Summary This study aimed to examine acute effects of photon radiation on the isolated cardiac contractile apparatus. This objective is based on successful clinical trials on the subject of intracoronary brachytherapy and the vision of also using radiation in cardiac surgery, in addition to conventional revascularization techniques to treat highly affected coronary vessels, in which bypass grafting alone would be hopeless. For this, however, it would require larger radiation fields than in conventional intracoronary brachytherapy; thus adjacent myocardium could be more affected and depression of ventricular function with hemodynamic consequences could occur. Elementary knowledge about acute myocardial reaction to radiation does not currently exist; there are only considerations about depressing radiation effects.
The model of myocardial demembranized, “skinned” fibers was used to analyze the isolated contractile apparatus under conditions of equilibration and without regulation systems of the living cell. A total of 48 right atrial appendages were obtained from patients undergoing coronary artery bypass grafting. Atrial trabeculae were irradiated with one single dose of 2, 4, 10, 20, 40, or 80 Gy, respectively, or kept unirradiated as the control. Accordingly, from each appendage, there were both trabeculae being radiated and those not being radiated. Trabeculae were demembranized with Triton-X-100. Force development and cross bridge kinetics were analyzed under isometric conditions by approximating the force courses on an exponential function. Muscle stiffness was registered to evaluate the filaments’ mechanic and elastic properties. The statistics were performed using a Repeated Measures Analysis of Variance model.

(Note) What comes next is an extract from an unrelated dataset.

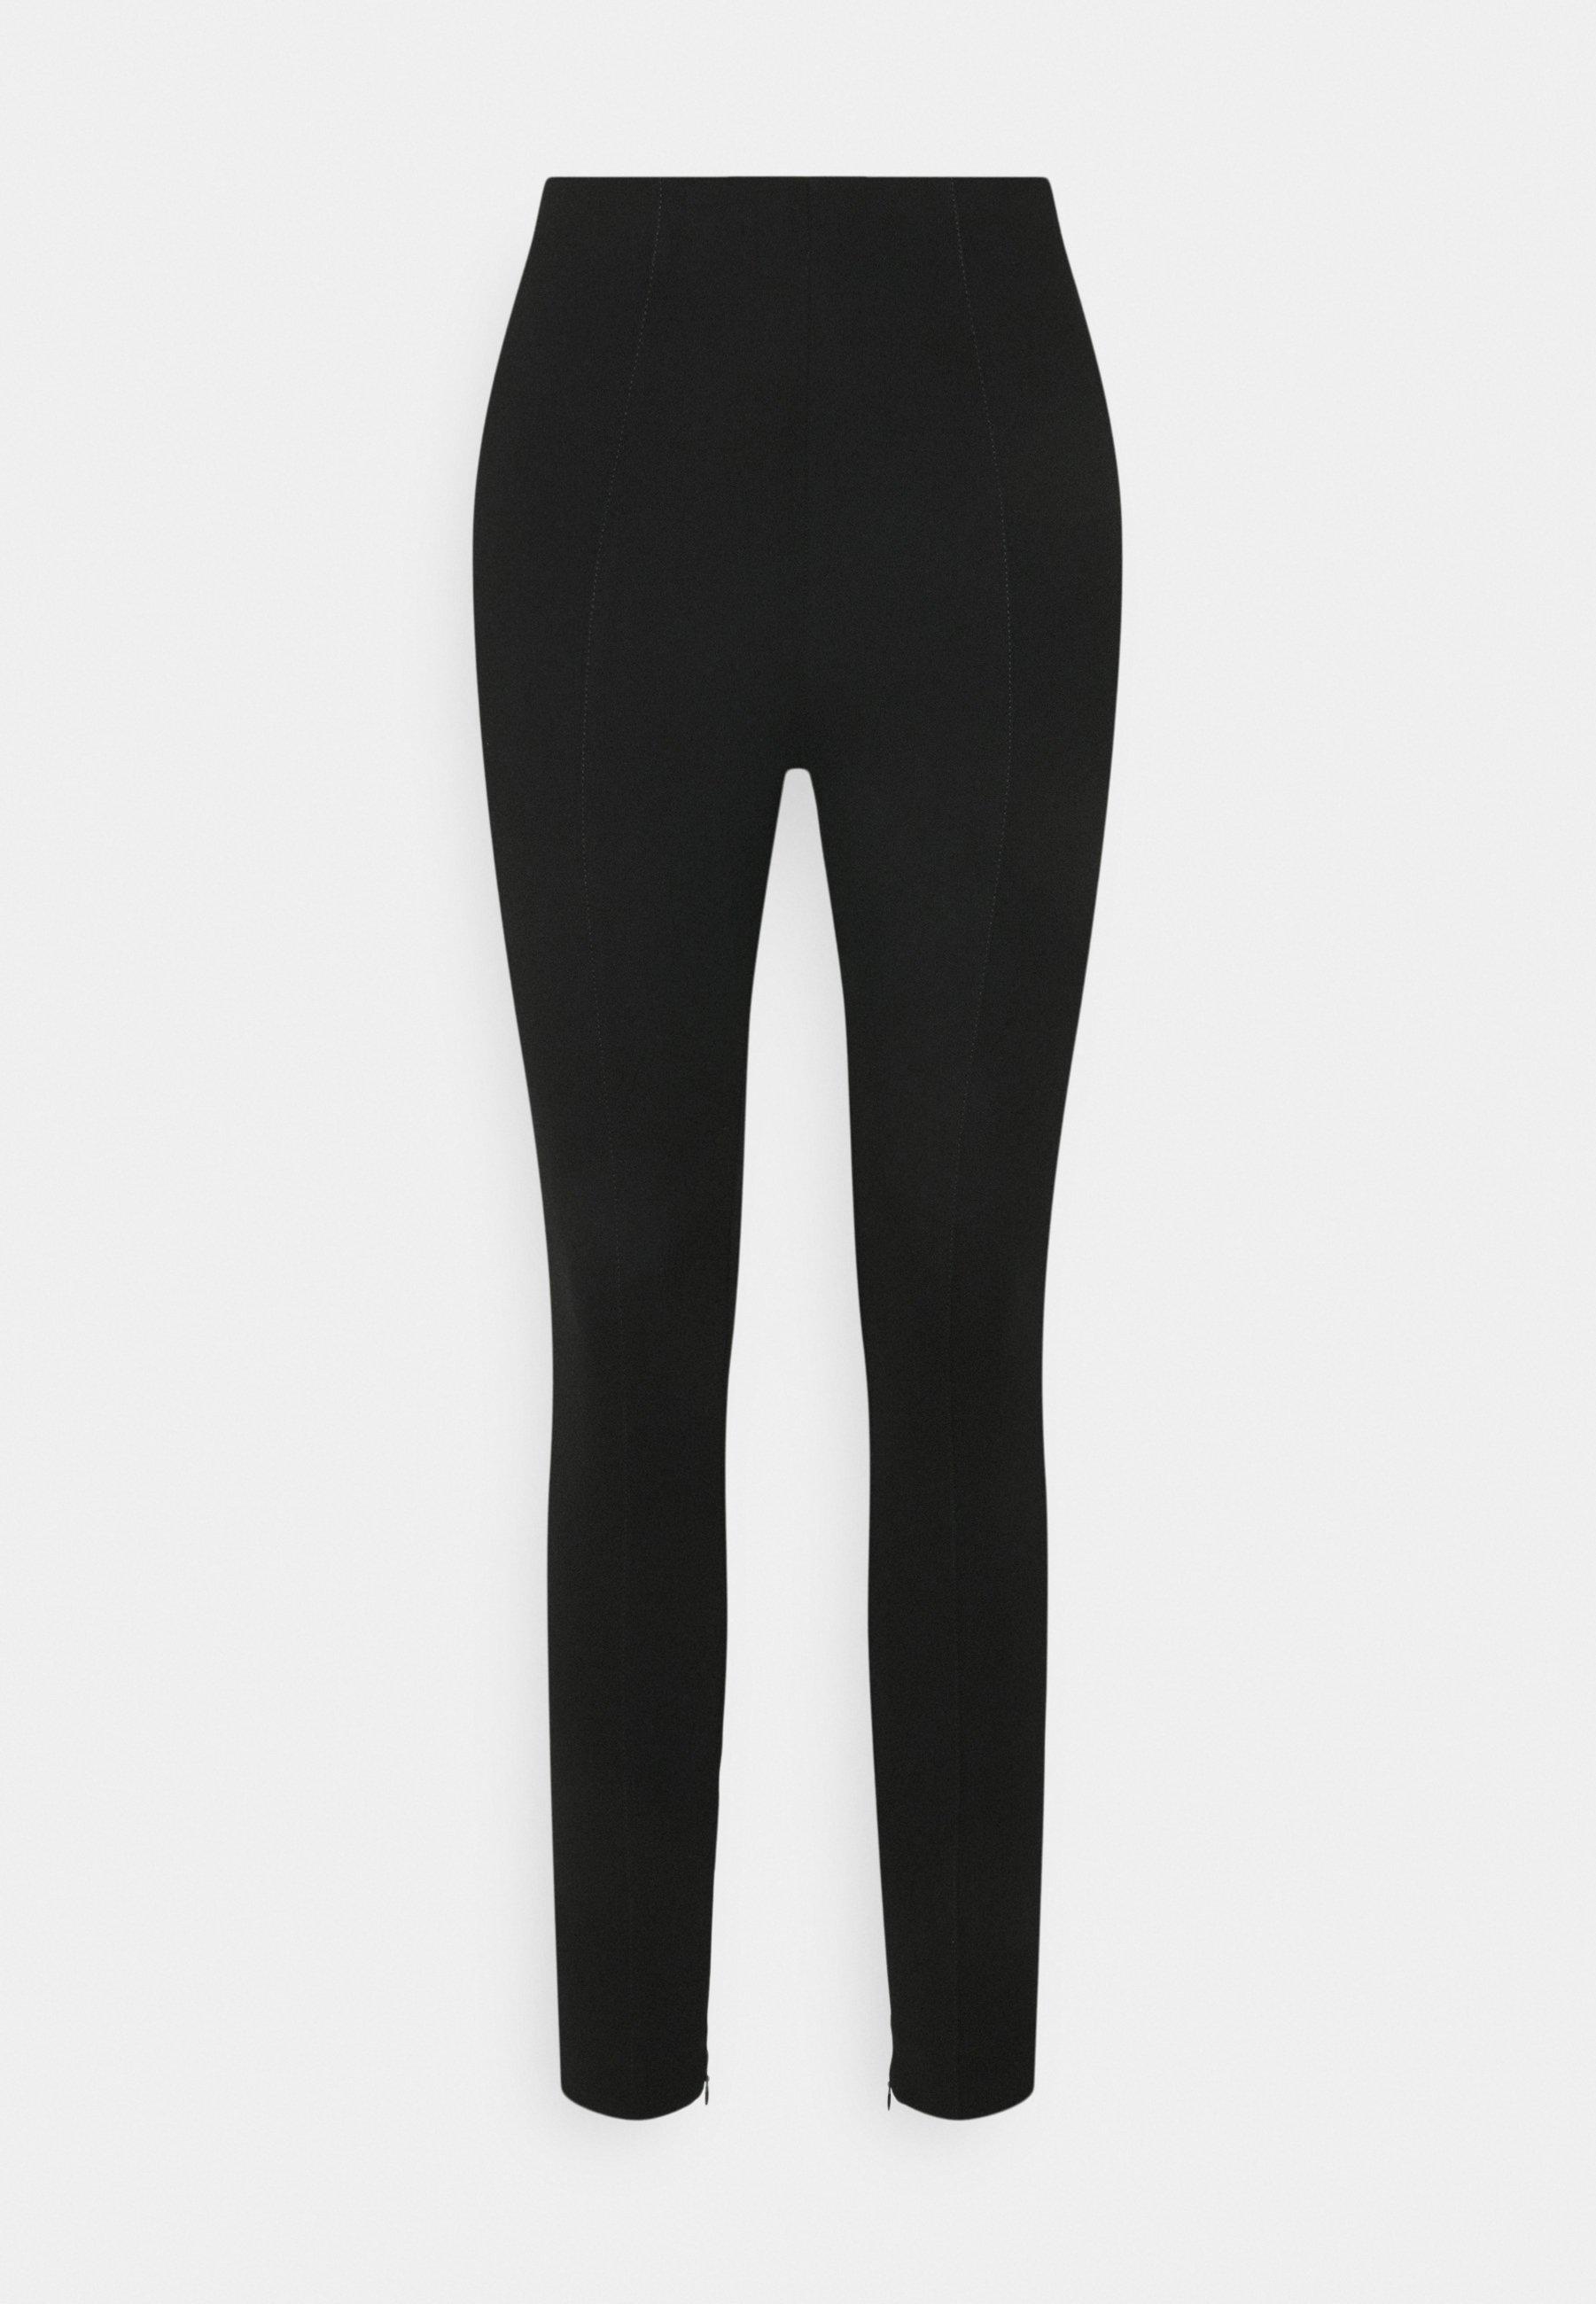 Women ISSA PUNTO - Leggings - Trousers

No significant differences were found between control and irradiated fibers concerning mean force amplitudes related to cross-sectional area, time constants and stiffness, regardless of the delivered dose. Up to 80 Gy, the cardiac contractile apparatus maintained its structural und functional integrity.
The absence of acute radiation effects on the contractile filaments’ function argues against acute myocardial protein deformation during brachytherapy. Thus, it is possible that potential acute radiation effects on the heart could be caused at higher levels, like vessels, changes of membrane’s properties or effects on the cardiac conduction system. Subsequently, acute depression of myocardial function caused by radiation-induced failure of the contractile apparatus has not to be expected during brachytherapy with large radiation fields. Nevertheless, long-term effects remain to be analyzed.